**Task requirements**
This task calls for the lines below starting at the one containing "aead0c71c22de kate spade" and ending at the one containing "Bangladesh Police Job", repeated exactly with both ends kept and pictures left out.

═════ Dataset records ═════

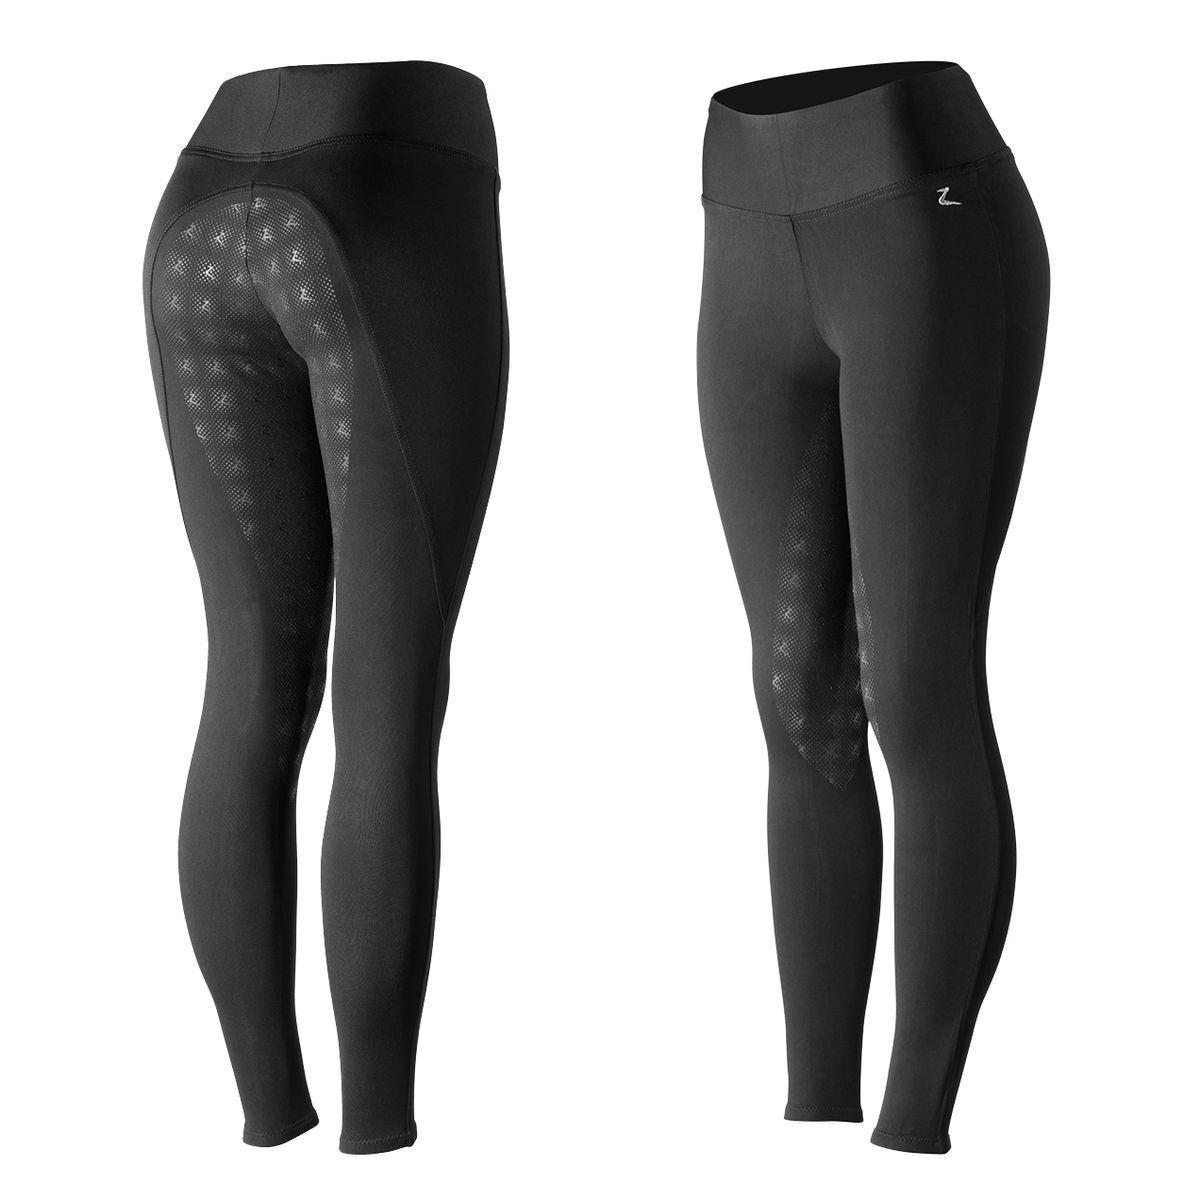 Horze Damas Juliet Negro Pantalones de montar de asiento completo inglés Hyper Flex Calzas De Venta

═════
═════ Dataset records ═════

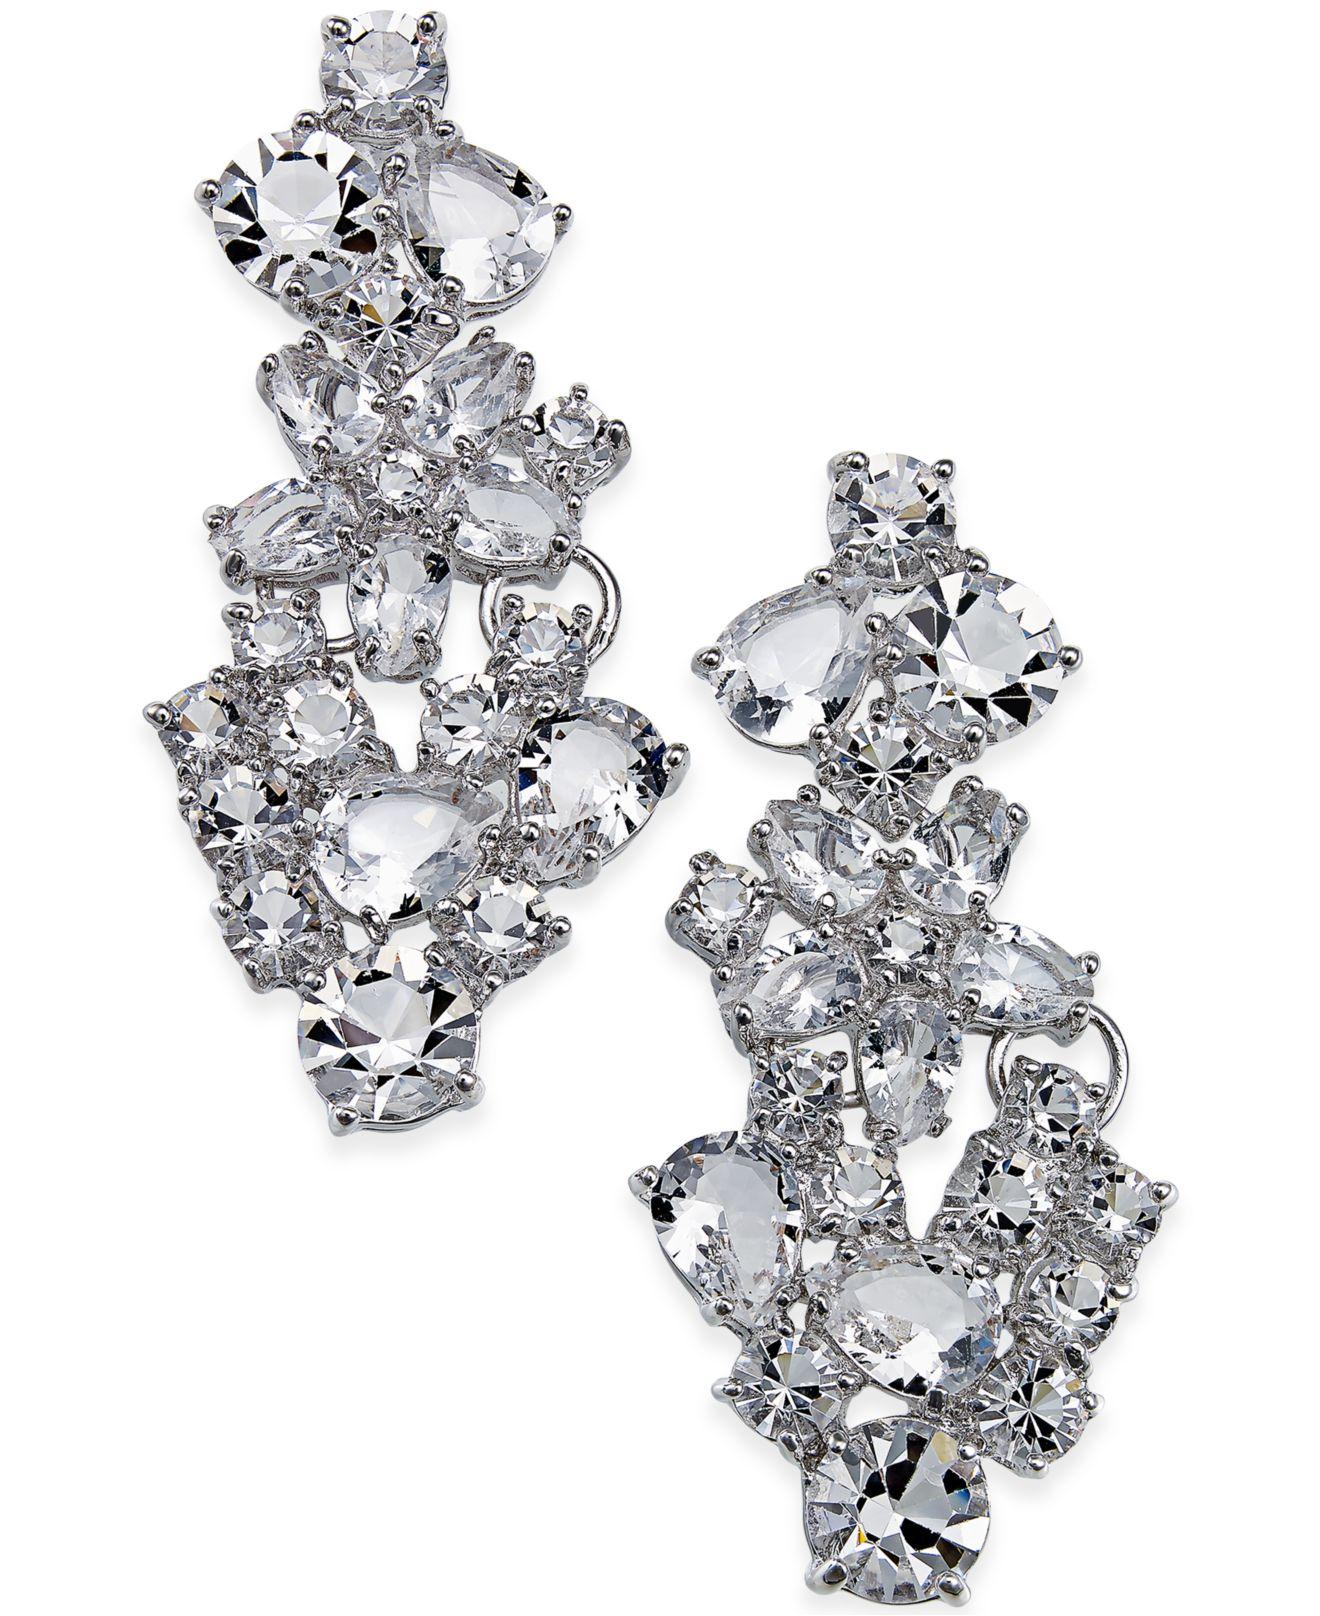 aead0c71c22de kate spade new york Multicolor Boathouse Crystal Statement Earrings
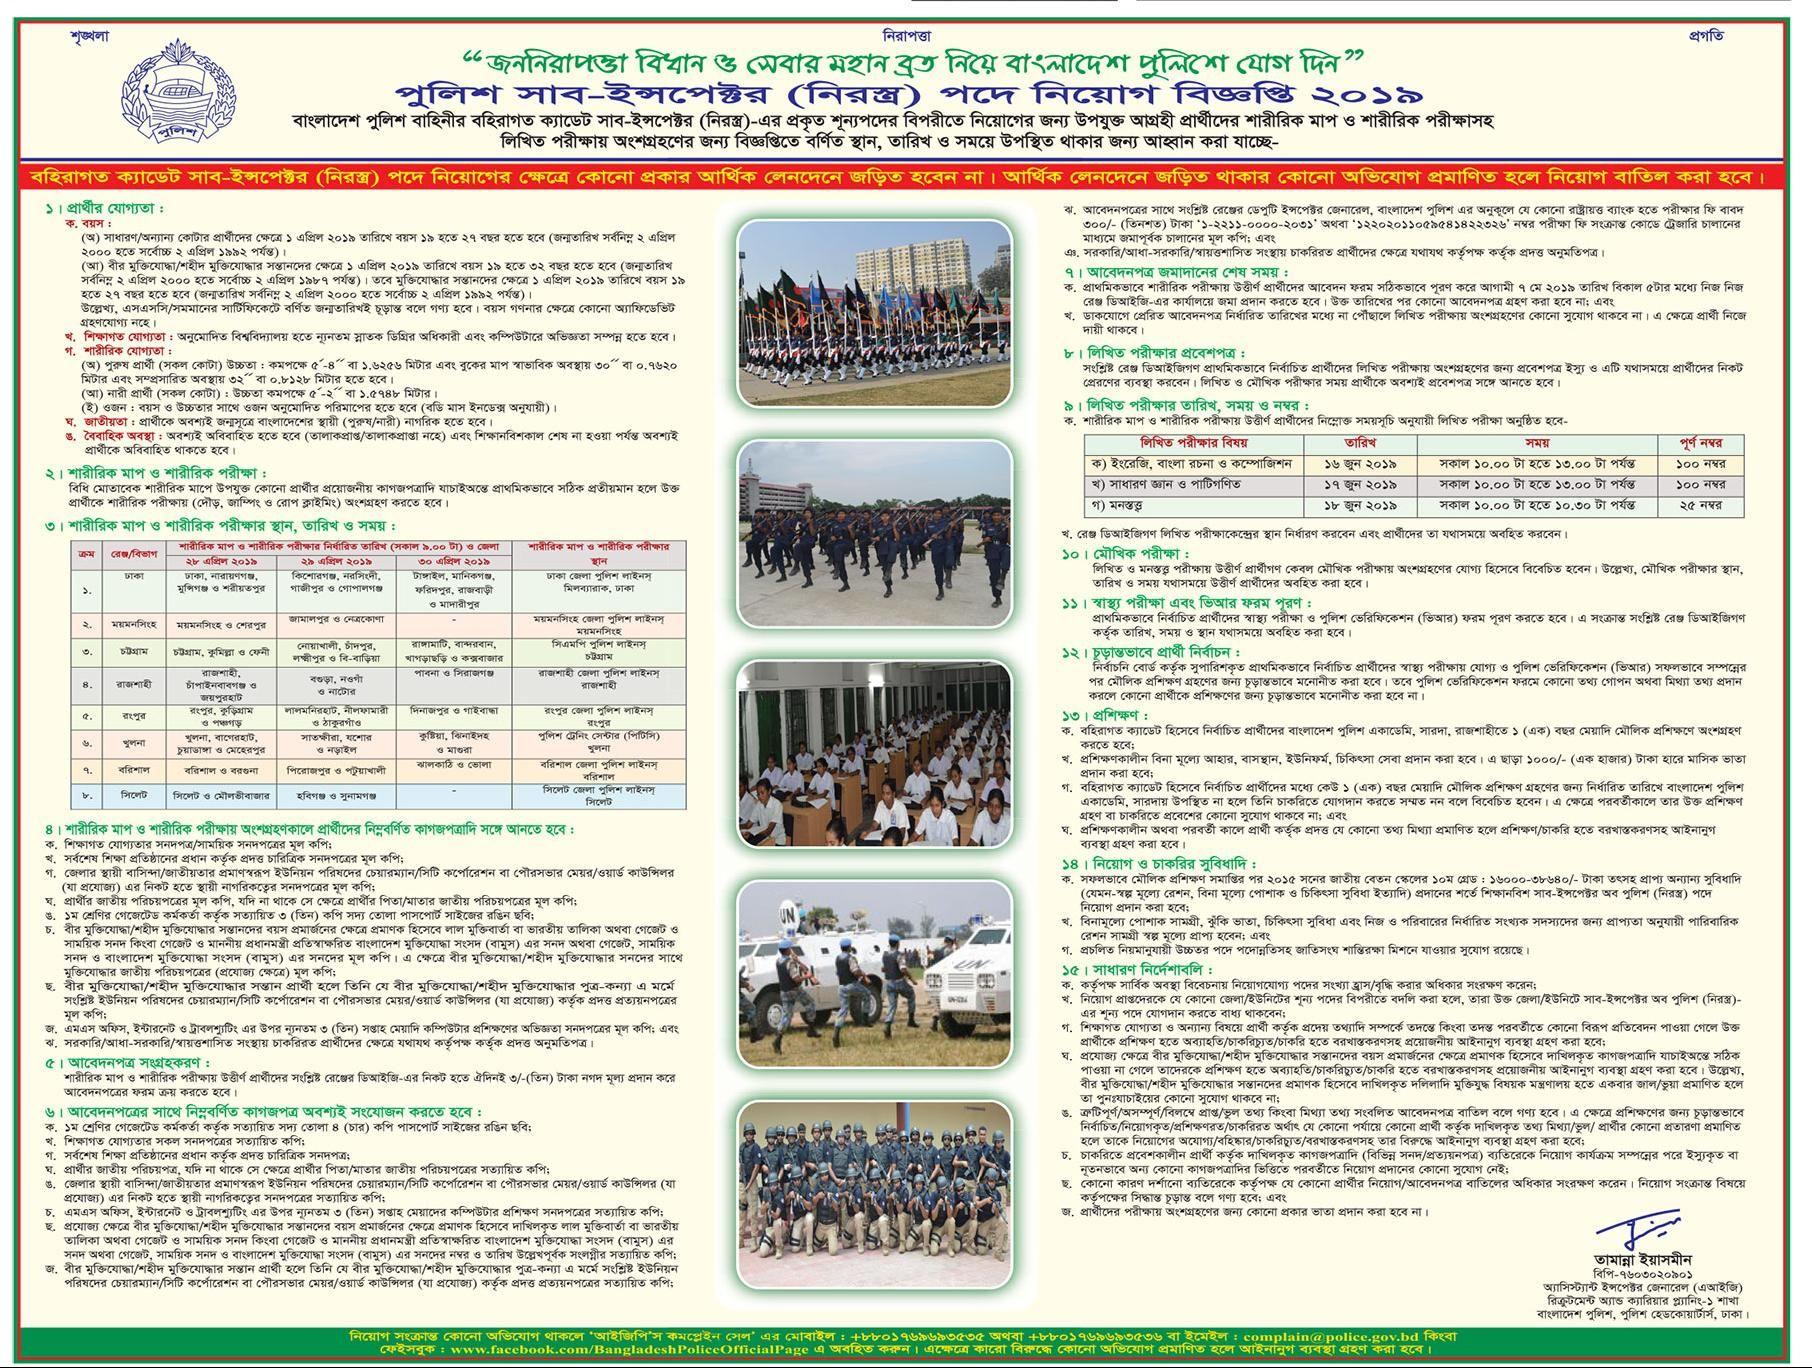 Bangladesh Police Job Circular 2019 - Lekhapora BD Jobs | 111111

═════
═════ Dataset records ═════

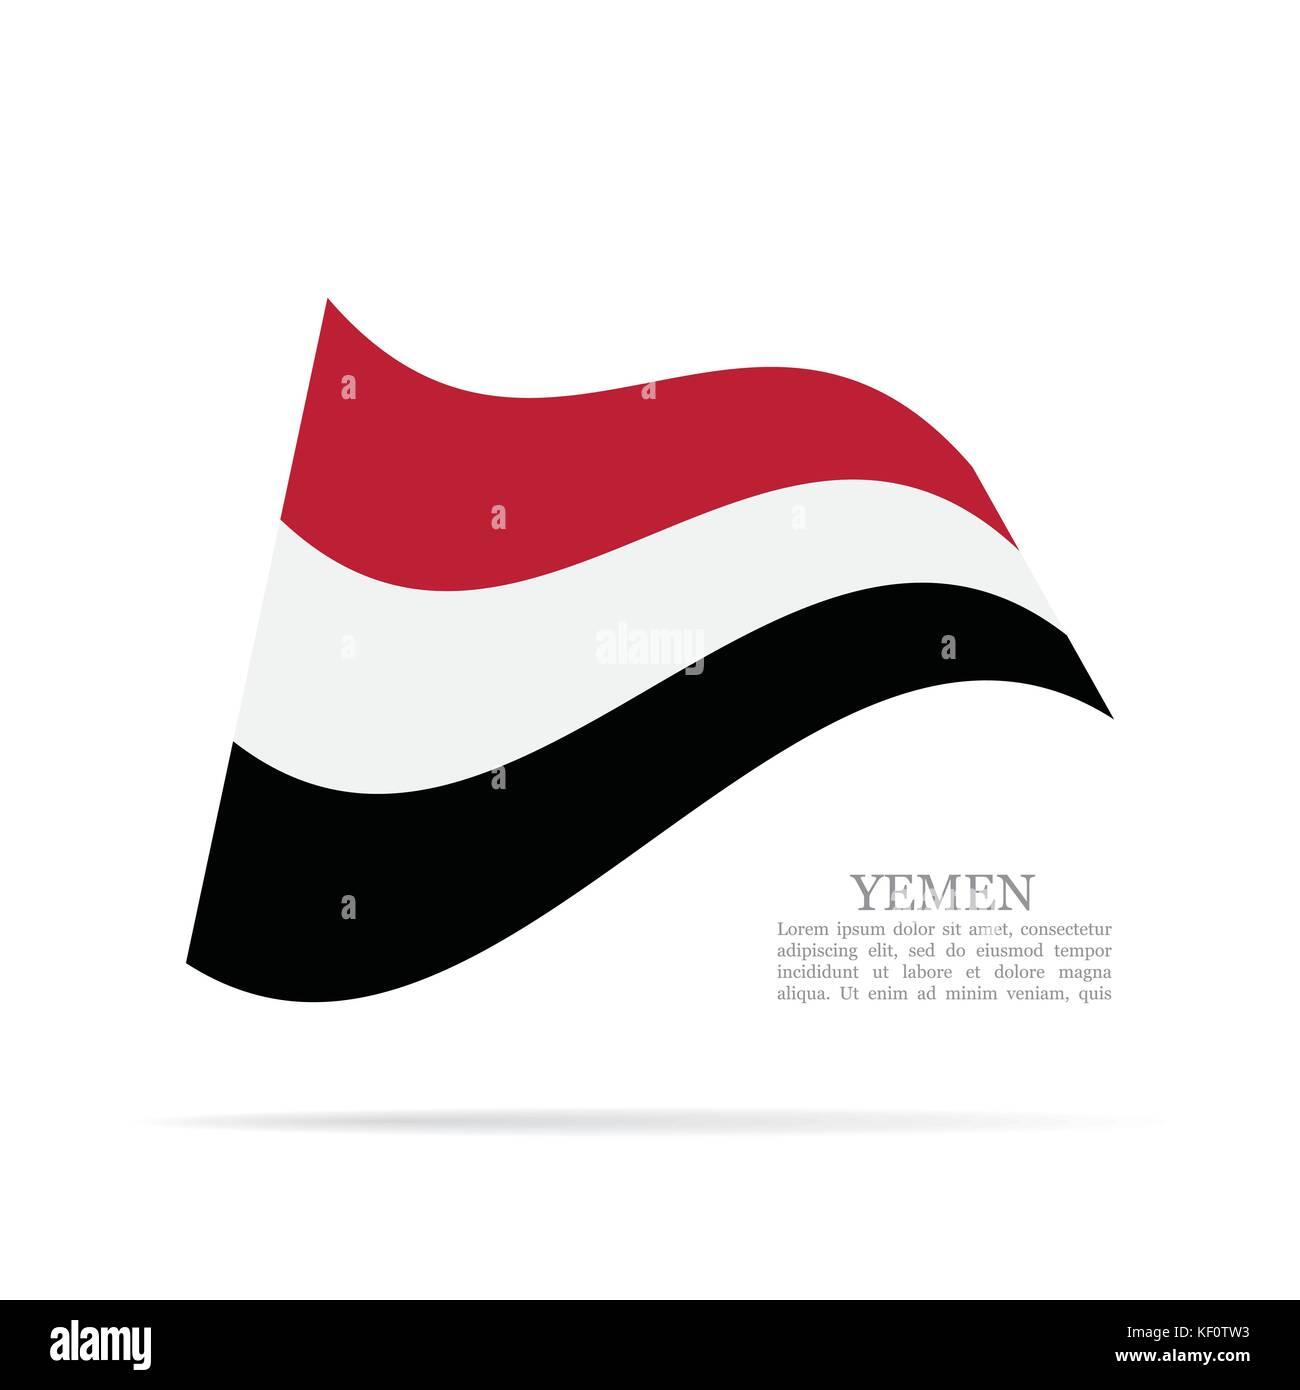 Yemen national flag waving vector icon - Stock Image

═════

**Solution to this task**
 aead0c71c22de kate spade new york Multicolor Boathouse Crystal Statement Earrings
 Bangladesh Police Job Circular 2019 - Lekhapora BD Jobs | 111111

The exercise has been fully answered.